I straightened, adjusting my spectacles, which had developed a faint smudge near the left lens. “Inspector,” I began, endeavouring for a tone of weary professionalism, “the disarray, as you so aptly phrase it, appears to be the rather predictable consequence of a Class-B municipal automatone experiencing a catastrophic core implosion whilst traversing the public thoroughfare. A mere… mechanical incident, one might say.” My left trouser leg felt damp. Oh, the indignity.

Peterson’s brow furrowed, a performance he had perfected over years of dealing with my peculiar projects. “A ‘mechanical incident’ that has flattened three lampposts, demolished the entire east wing of the Provincial Bank, and sent the populace scattering like startled sparrows, Mr. Findlay? Your ‘mechanical incidents’ have a rather un-mechanical propensity for dramatics, wouldn’t you agree?” He tapped the cog against his palm, a rhythmic, irritating clack.

“Exaggeration, Inspector, is hardly the ally of truth,” I countered, stepping gingerly around a piece of crumpled brass, the unmistakable remains of the automatone’s primary locomotion housing. “The lampposts were merely buckled, the bank’s façade is remarkably resilient, and the populace, I observe, are already queuing for their morning coffees, albeit with a tad more vigour. Besides, the automatone in question was not *my* design. I merely consulted on its hydraulic pressure regulators. A small, almost negligible input, I assure you.”

Peterson let out a sound somewhere between a sigh and a grunt. “Small input, large wreckage. A consistent theme, Mr. Findlay.” He then gestured broadly with his cog-hand. “And the automatone’s sudden predilection for… urban demolition? Was that part of the consultation?”

I stooped, ignoring the Inspector, to examine a particularly large segment of the automatone’s chassis. It was scored, not merely with impact marks, but with deep, linear gouges, as if something sharp and immensely powerful had raked across it. Odd. The automatone’s original programming for civic sanitation did not include ‘aggressive scraping.’ My fingers traced the cold, rough metal. The summer sun, beating down, made the metal shimmer faintly.

“No, Inspector,” I replied, pushing myself upright with a faint creak in my knees. The heat was making my tweed jacket cling uncomfortably. “This is most curious. The automatone, a ‘Sanitation Unit Alpha-7’ if I recall its designation, was designed for refuse collection, not this… theatrical display of force. Its internal governor should have restricted any movement beyond a sedate two miles per hour. This level of destruction suggests… an override.”

Before Peterson could unleash another volley of official scepticism, a new voice, clear and sharp as a freshly honed razor, cut through the air. “An override, or perhaps a rather unfortunate enthusiasm for its duties, Octavius?”

I turned to see Miss Agnes Penniton approaching, her parasol twirling with elegant nonchalance, casting a cool shadow over her impeccably tailored travelling suit.
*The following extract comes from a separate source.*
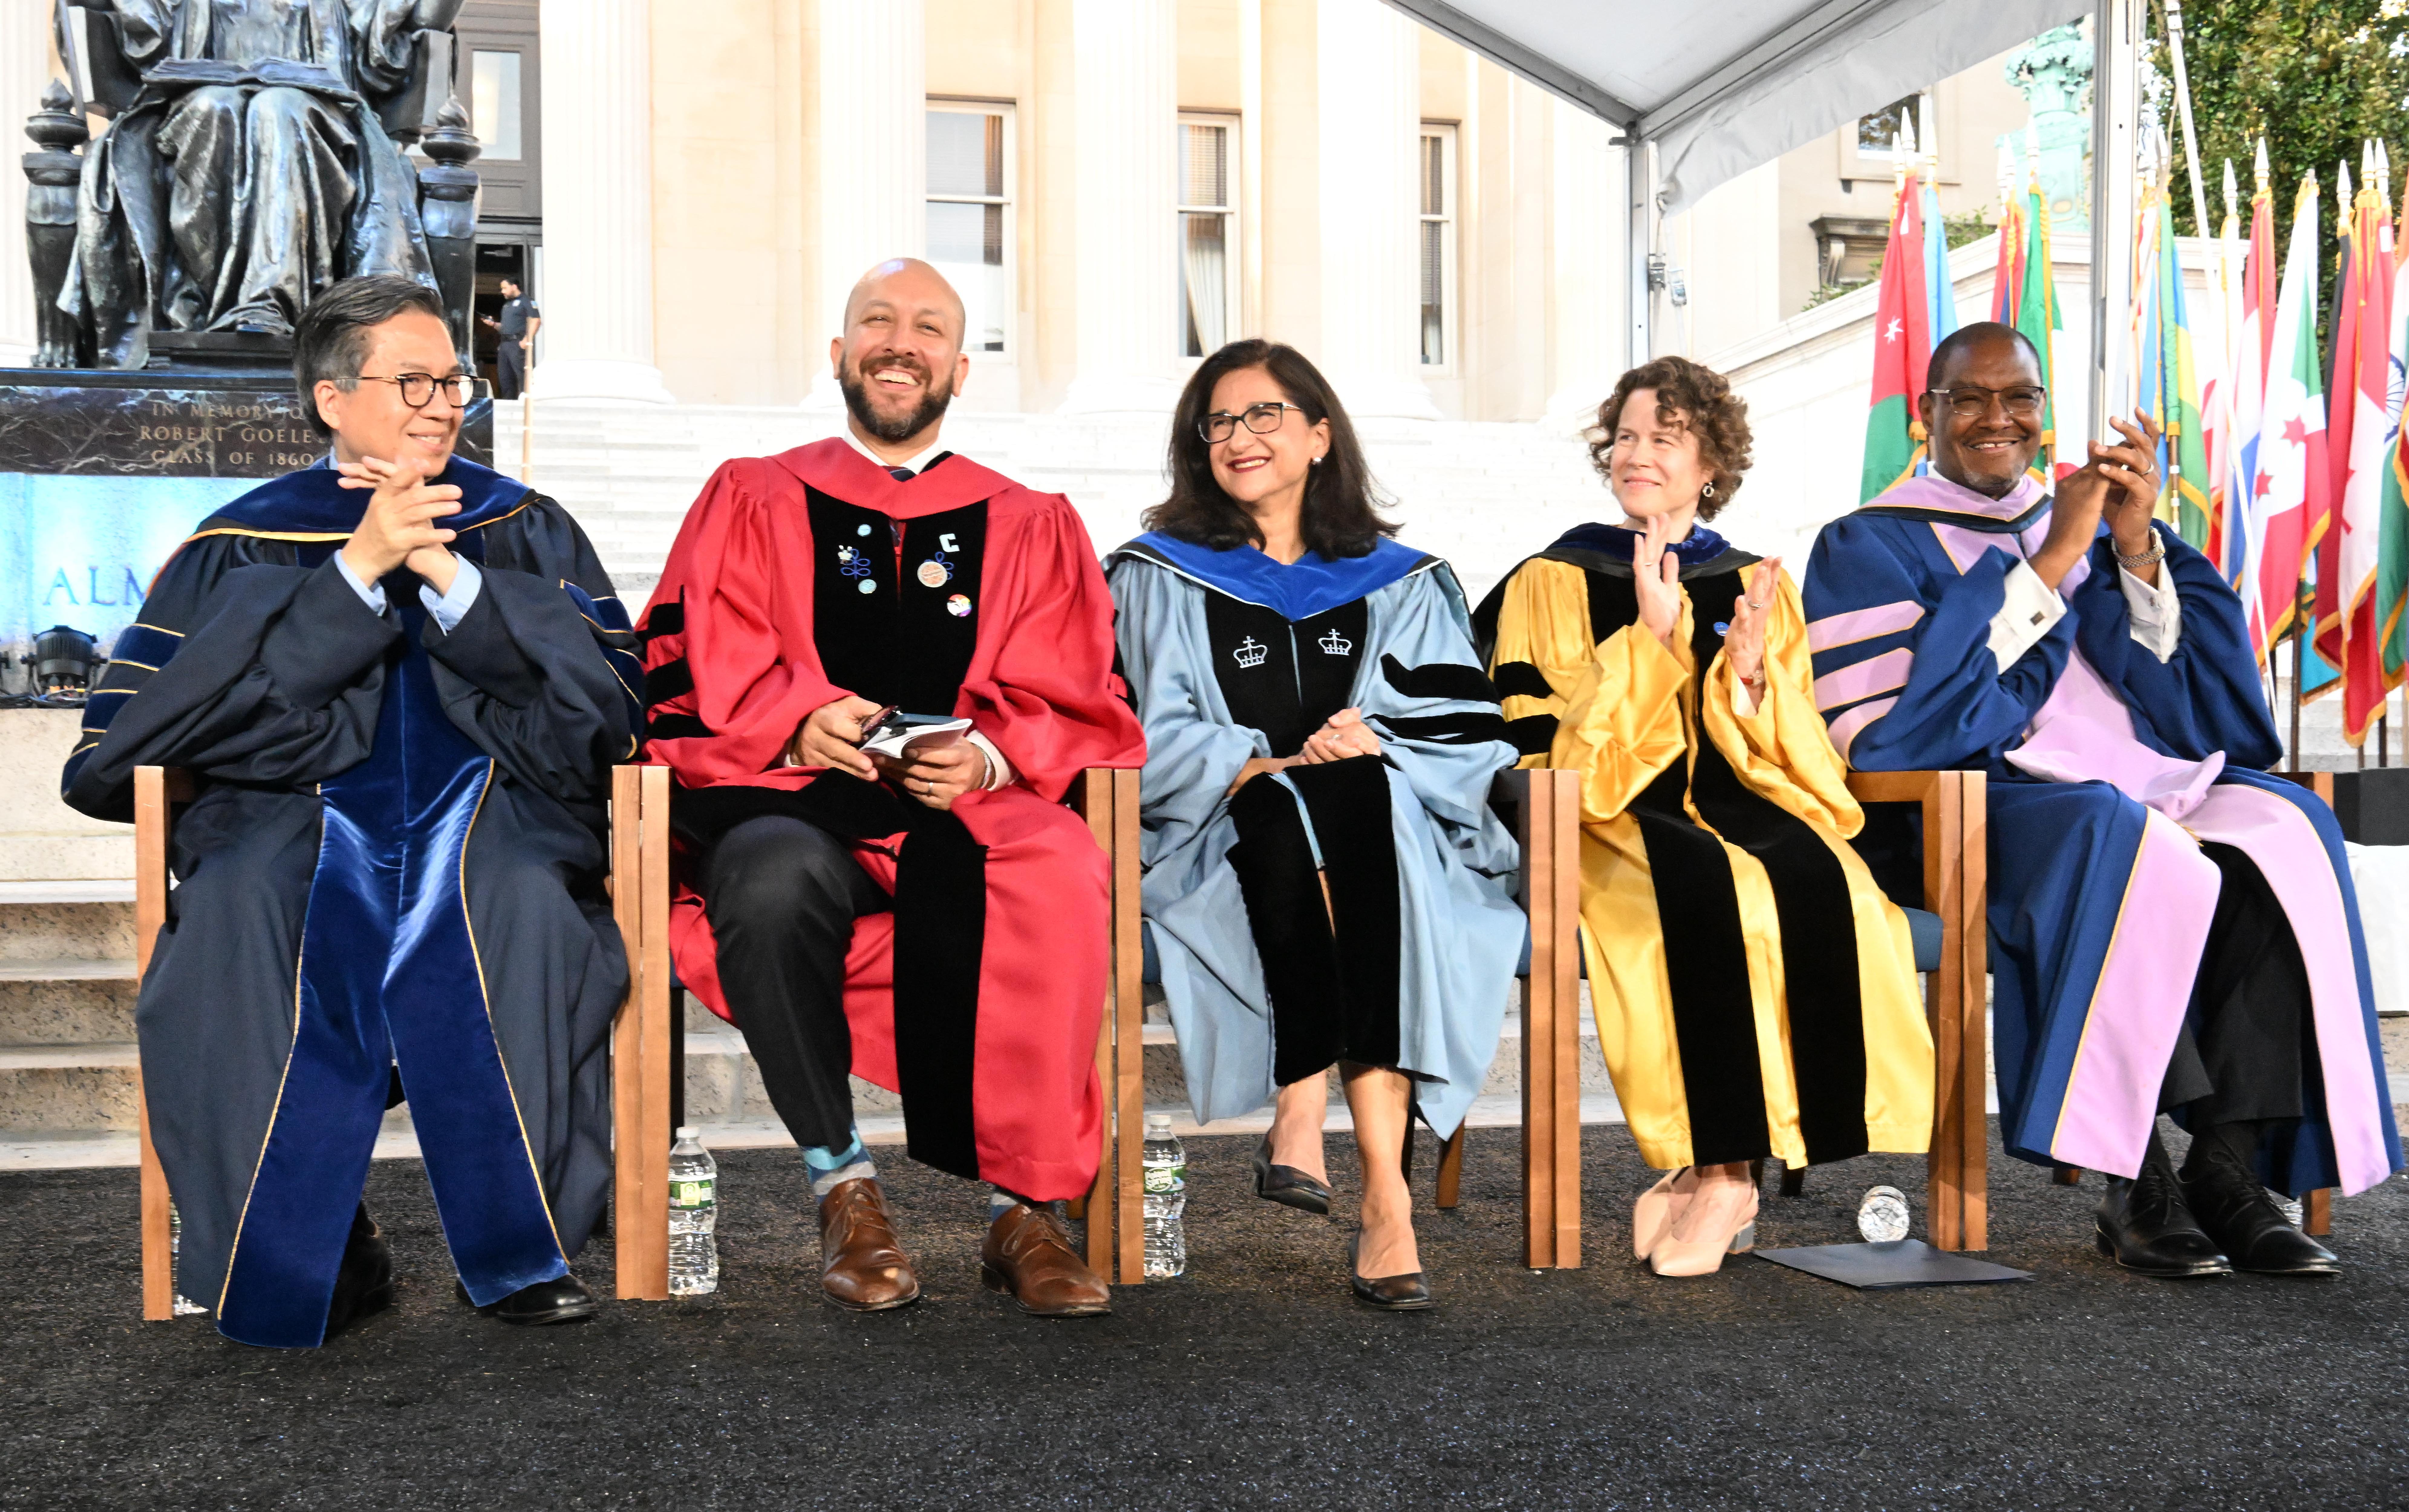 . On the podium (left to right): Engineering Dean Shih-Fu Chang, College Dean Josef Sorett, President Minouche Shafik, Executive Vice President and Dean of the Faculty of Arts and Sciences Amy Hungerford and interim University Provost Dennis A. Mitchell.
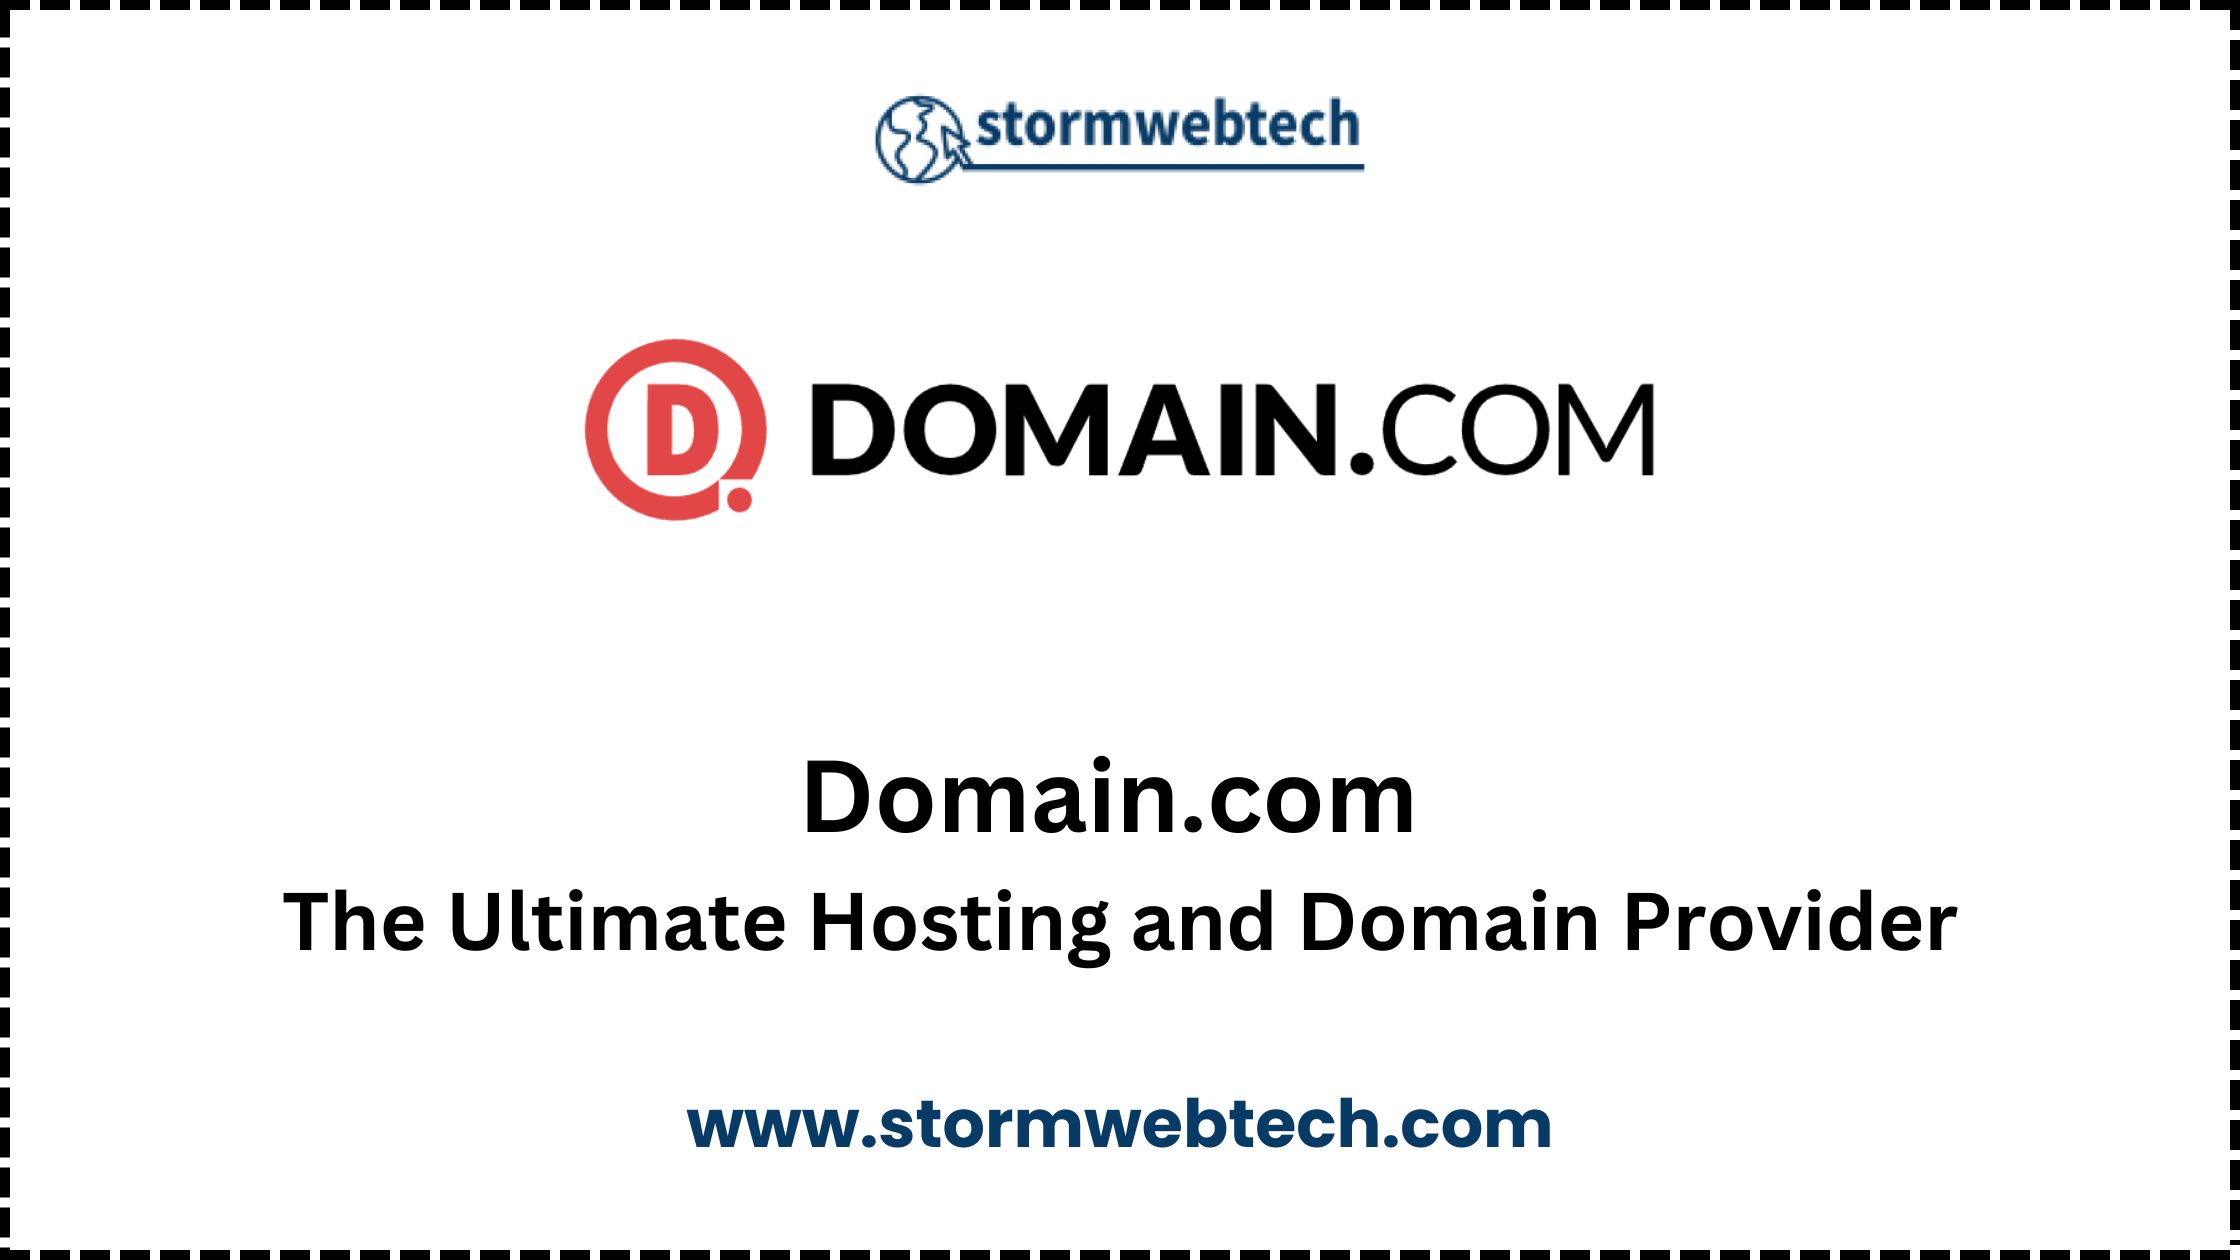 Domain.com : The Ultimate Hosting and Domain Provider, domain.com offer domain registration, website hosting, website builders, email hosting

Not a speck of soot sullied her personage, an astonishing feat given the current atmospheric conditions. Her eyes, as ever, sparkled with an intelligent, almost impish, amusement.

“Agnes!” I exclaimed, a genuine warmth replacing my earlier irritation. “You are precisely the dose of logical common sense this morning requires. Inspector Peterson here seems to believe I have personally engineered this municipal calamity for the sheer joy of it.”

Agnes offered the Inspector a polite, if somewhat dismissive, nod. “Good morning, Inspector. You seem to be having a rather brassy start to your day.” She then turned her full attention to me. “Indeed, Octavius, your flair for the dramatic is well-documented. However, even you would struggle to program a refuse collector to develop a taste for architectural deconstruction without some external… *encouragement*.” She peered at the wreckage, her gaze far more piercing than Peterson’s bewildered stare.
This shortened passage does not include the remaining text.